Data Engineer

Minerva•New York, NY

1d•Onsite

About The Position

Minerva is building the next-gen demand generation platform for consumer brands, providing a centralized view of the consumer and tooling to simplify existing sales, marketing, and customer success infrastructure. Leveraging proprietary consumer data and ontology, Minerva creates an observable, holistic consumer profile over time, using decisioning models to power optimal activation throughout the funnel, driving revenue and commercial efficiency for brands. Minerva creates high ROI outcomes for high-equity brands across industries (e.g., Ramp, JuiceBox, NBA, Miami Dolphins, Wander, Luxury Presence, Trust & Will, Base Power, Shef) and has large-scale distribution agreements with partners such as Experian and Clay. The company was founded by successful quantitative researchers from Citadel and Bridgewater, with products and models built by individuals from MIT, Stanford, Berkeley, Cambridge, Uber, Samsung Research, Third Point, and Lazard. The platform offers enrichment and person search/segmentation tools, first-party & third-party data unification, audience generation, marketing creative analysis, and more, with AI Agents orchestrating most features.

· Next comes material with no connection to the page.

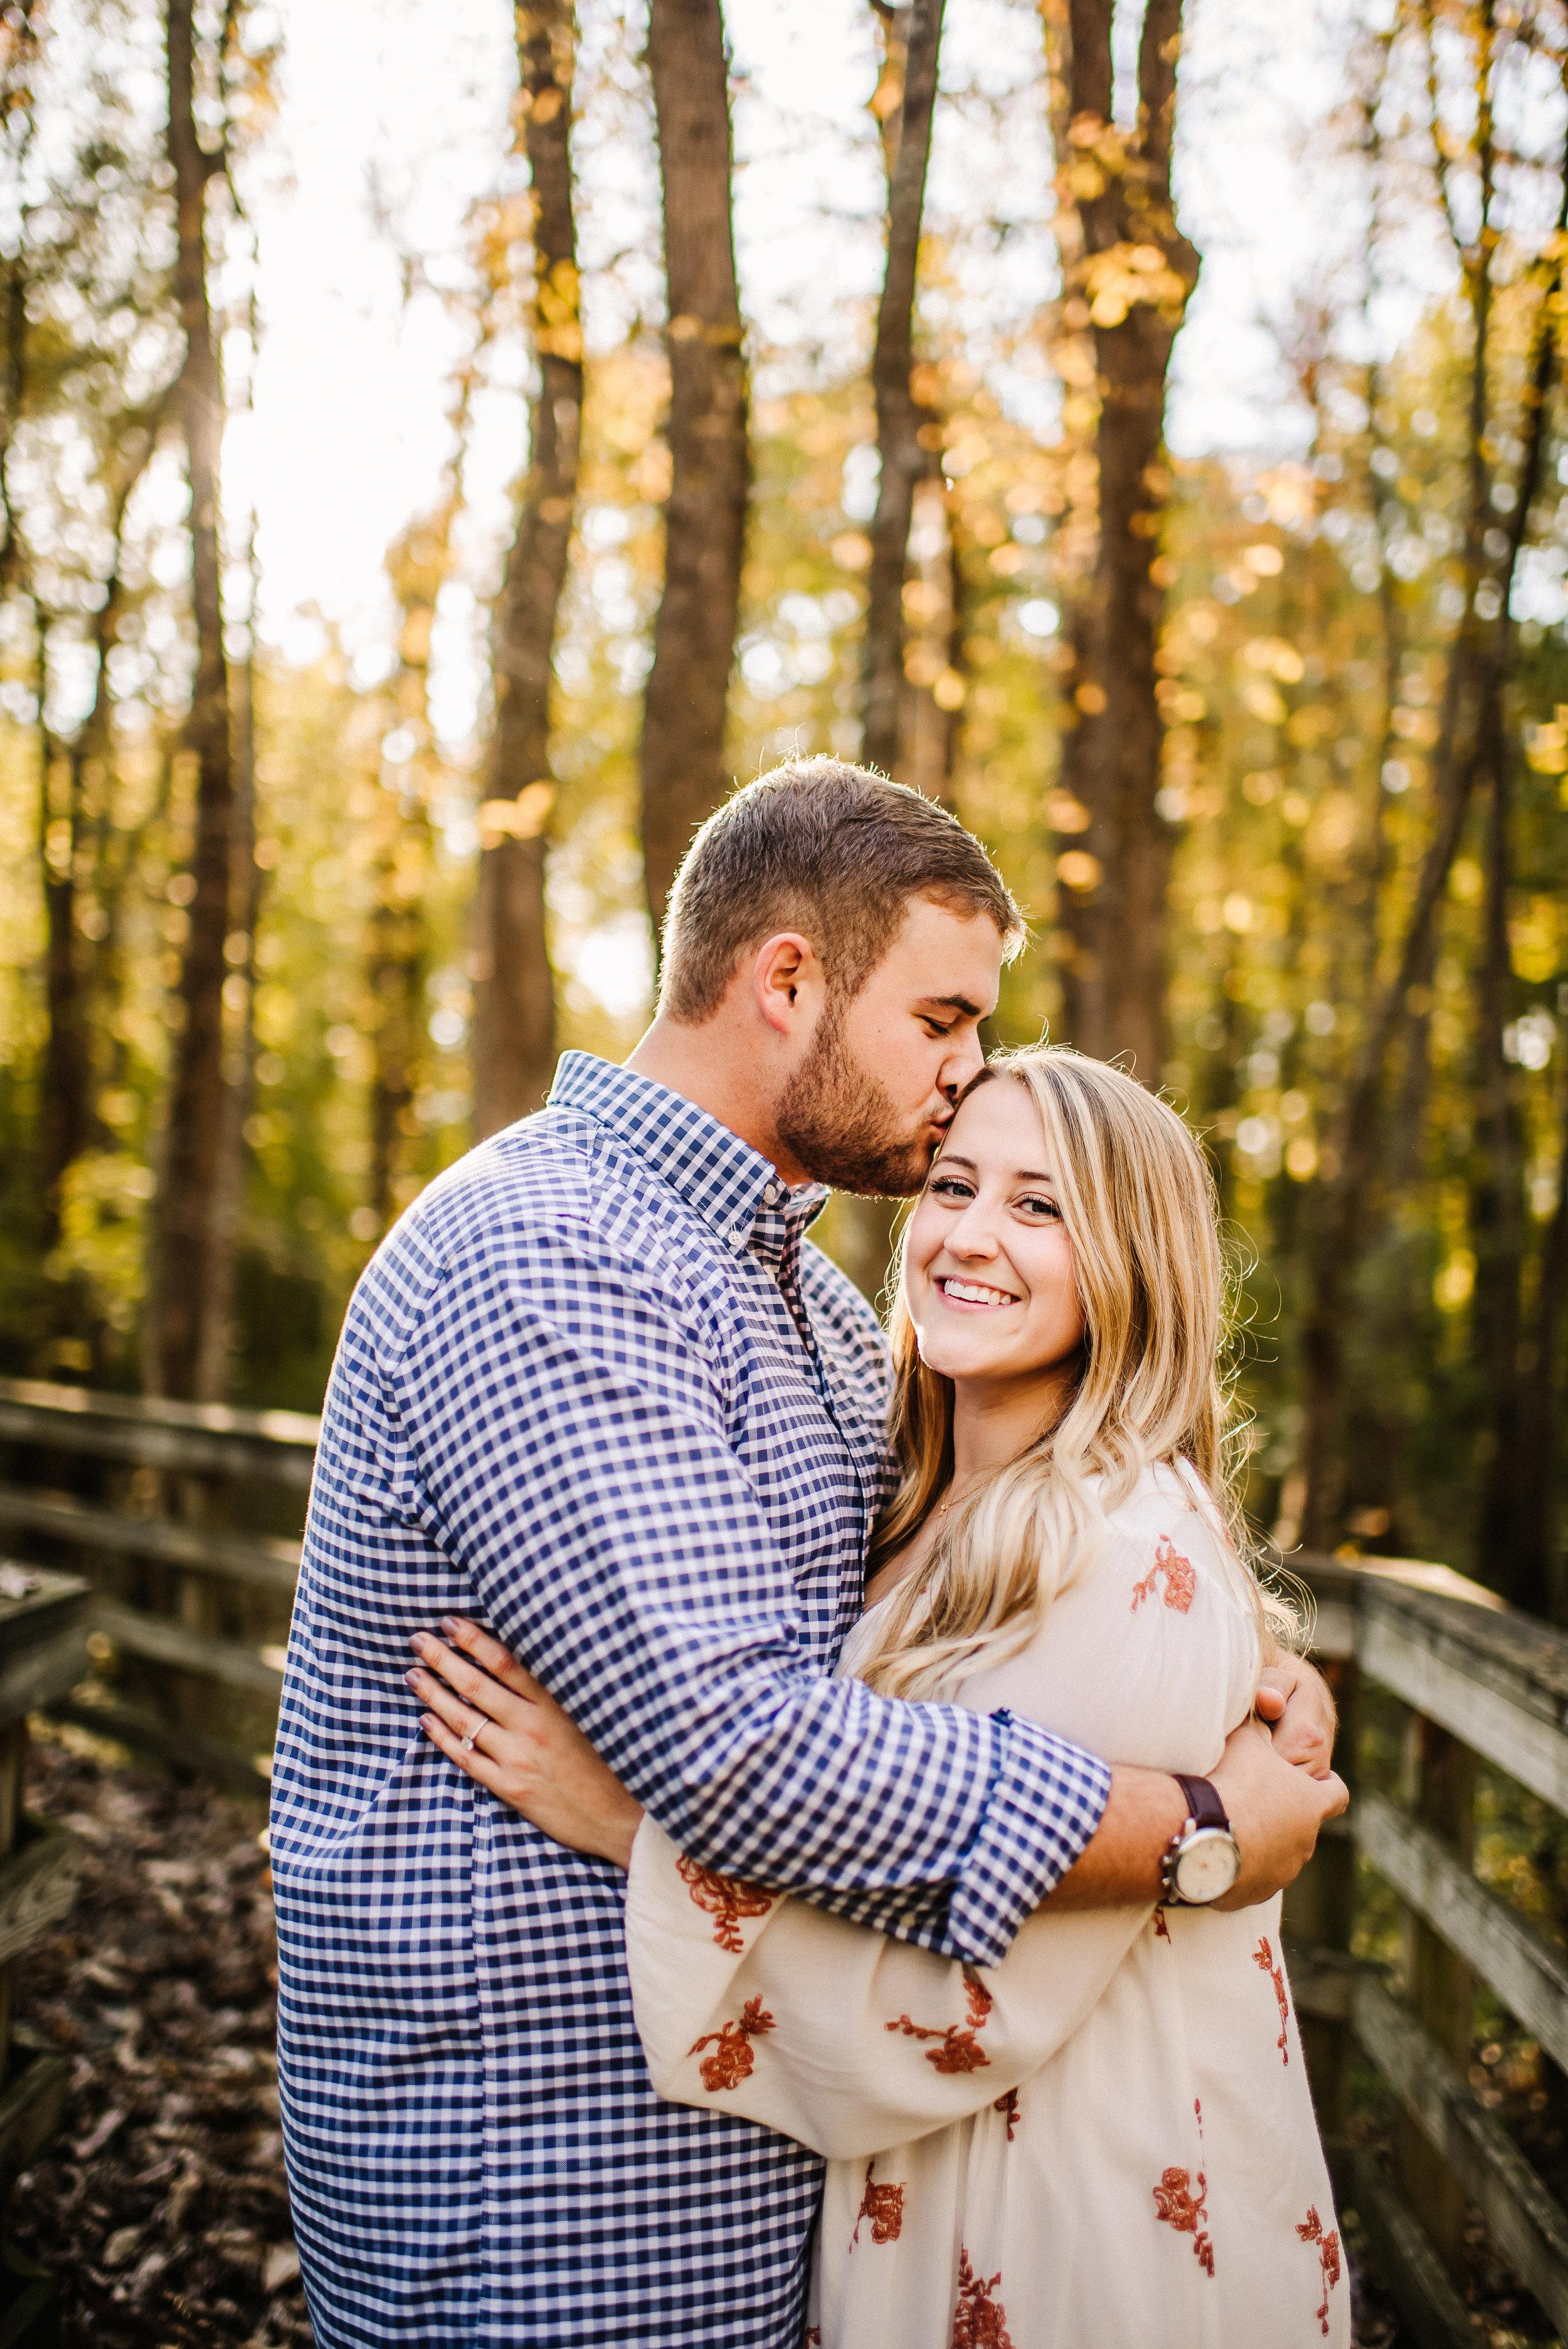 Romantic Fall Engagement Photography_Alexis & Jacob_Ashley Benham Photography-32.jpg

Minerva helps businesses better understand their existing customers and find net-new customers by providing ground truth data, modeled attributes/behaviors, and custom-built targeting models. At Minerva, the company is data-first, seeking a Data Engineer ready to evolve and build from scratch to enhance their data product of 260M+ consumers. This role offers unlimited impact on the business, working closely with a team of engineers.

Requirements

2-4+ years working as a data engineer or software engineer in a data-heavy context
Highly proficient at Python and SQL
Strong intuition of data engineering principles, especially those around data cleaning/ingestion and data modeling.
Willingness to work in office in NYC (we provide a relocation package)
Flexibility and open to wearing several hats
Eagerness to learn and grow with the company and your coworkers

Nice To Haves

Exposure to different data sources (e.g. APIs, S3, SFTP, WWW, etc.)
Experience with Lakehouse architectures & comfort handling XX+ TB datasets
Experience working with orchestration tools like DBT, SQLMesh and Airflow
Experience working with both transactional databases (e.g. Postgres, MySQL) and analytical databases (e.g. Snowflake, Redshift), with a bias towards the latter.
Familiarity to backend & ML/AI engineering is a plus
Experience working with AI coding tools, e.g. Cursor, Claude Code, OpenCode
Prior work at a startup

Responsibilities

Architect and build scalable & robust distributed infrastructure: enabling Spark, Lakehouse, ML, etc. - across a variety of datasets ranging from website visit feeds, professional & property data, identity graph and more
Improve our existing orchestration architecture: we’ve outgrown our SQLMesh/DBT transformation infra and are looking to expand our footprint into higher throughput / scalable solutions.
Data movement: keeping our Snowflake warehouse & Lakehouse in sync with our Postgres, Elasticsearch and other product backend destinations
Build systems to expose our data product to internal and external AI agents (think: MCP, vector DB)
Innovate on how we extract value out of 100+ TB datasets in an unsupervised manner
Innovate on how we can systematize our pipelines within an ever-growing transformation layer
Innovate on how we build the right access patterns to leverage data and meet our modeling and product goals
Innovate on how we can directly monetize our data
Enable new ways to realize the value of Minerva’s data and ensuring our existing revenue streams stay in good standing.
Learn more about our modeling processes and assist the Data Science team with feature engineering & ML training infrastructure
Productionize a multi-faceted pipeline of web traffic data touching LLMs, ML models, Identity Resolution, and Vector Search
Orchestrate large-scale data gathering of publicly available data in a near real-time fashion via web scraping
Build a field- and row-level lineage graph across our data platform, then use it to power a reactive propagation system — when upstream data changes, affected downstream transformations are automatically identified and re-executed in real-time.